I sociologi francesi Luc Boltanski ed Eve Chiapello hanno proposto una convincente periodizzazione del capitalismo, che non potrò però tuttavia esaminare in questa sede per ragioni di spazio. Il solo aspetto della loro trattazione che esaminerò qui è la loro teoria della genesi, sviluppo ed esito della cosiddetta “sinistra”. Essi rilevano che nel periodo storico che va grosso modo dal 1871 al 1968 la “sinistra” si era costituita sulla base di una alleanza fra una critica economico-sociale alle ingiustizie distributive del capitalismo, di cui erano titolari le classi popolari, operaie, salariate e proletarie, ed una critica artistico- culturale all’ipocrisia della morale della borghesia, di cui erano invece titolari appunto gli intellettuali di “avanguardia”. Questa alleanza durò fino al Sessantotto (da non confondere con gli empirici eventi dell’anno 1968), in cui il capitalismo cominciò a sviluppare una logica riproduttiva post-borghese (e quindi inevitabilmente anche post-proletaria, dal momento che borghesia e proletariato sono opposti dialettici in correlazione unitaria essenziale, e non c’è l’uno senza l’altra), liberalizzando integralmente il costume e le forme di vita vetero-borghesi. Il liberalismo vinse così direttamente all’interno del ceto degli intellettuali, sempre più “creativi” e “postmoderni”, mentre la vittoria sul proletariato venne realizzata con l’indebolimento della sovranità monetaria dello stato nazionale, la globalizzazione, l’economia del debito, eccetera.

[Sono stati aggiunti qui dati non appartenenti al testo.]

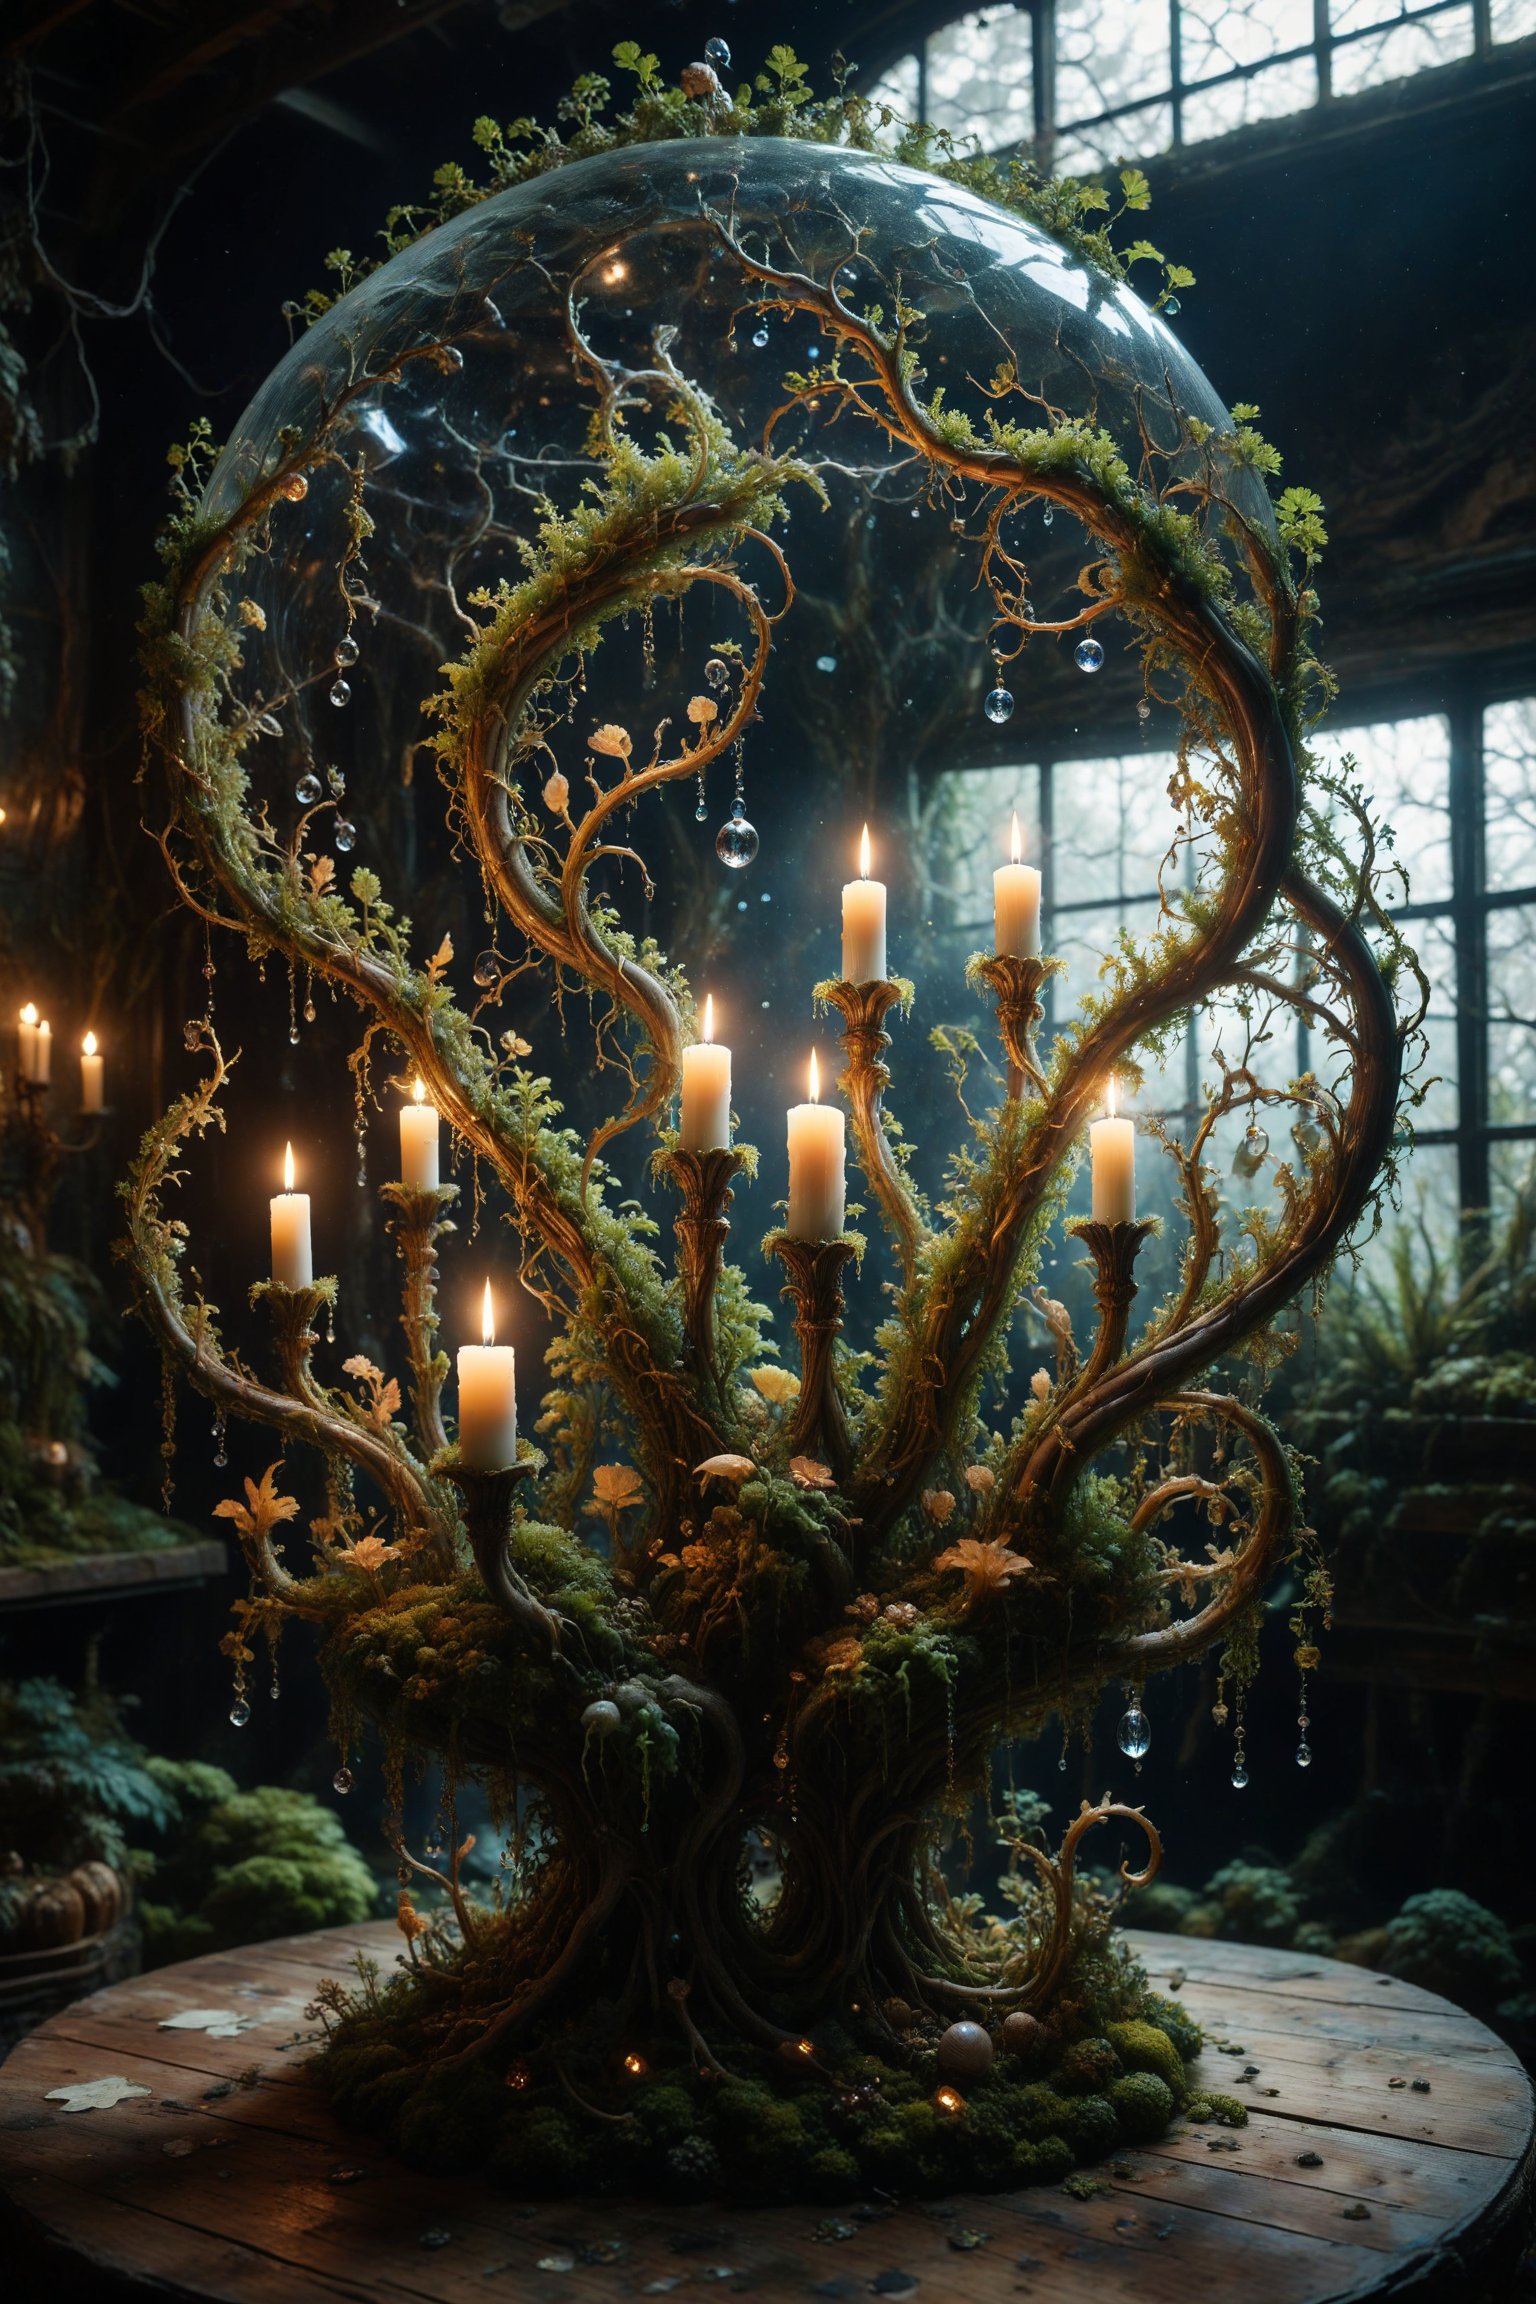 An aquarium with interesting, surreal organic curves, recreating an underwater forest of seaweed with candelabras resembling glowing vines. Inlaid seaweed, decorative gold accents, feathers, diamonds, and iridescent bubbles

In questa sede, non mi interessa “coerentizzare” le rispettive tesi di Bordiga, Del Noce e Boltanski-Chiapello. Sarebbe certamente possibile farlo, ed in questo modo si mostrerebbe alla luce del giorno che i processi di integrazione subalterna neoliberale della

“sinistra” non sono affatto casuali o semplice frutto di un “tradimento” o di semplice corruzione monetaria dei suoi dirigenti ed intellettuali (anche se anche gli alti redditi certa- mente “aiutano”), ma sono il risultato di processi storici maestosi di lunga durata, uniti ad una stupidità ed ingenuità ideologiche sbalorditive, che risultano però visibili soltanto al “crepuscolo”, quando cioè si leva la hegeliana nottola di Minerva della consapevolezza storica.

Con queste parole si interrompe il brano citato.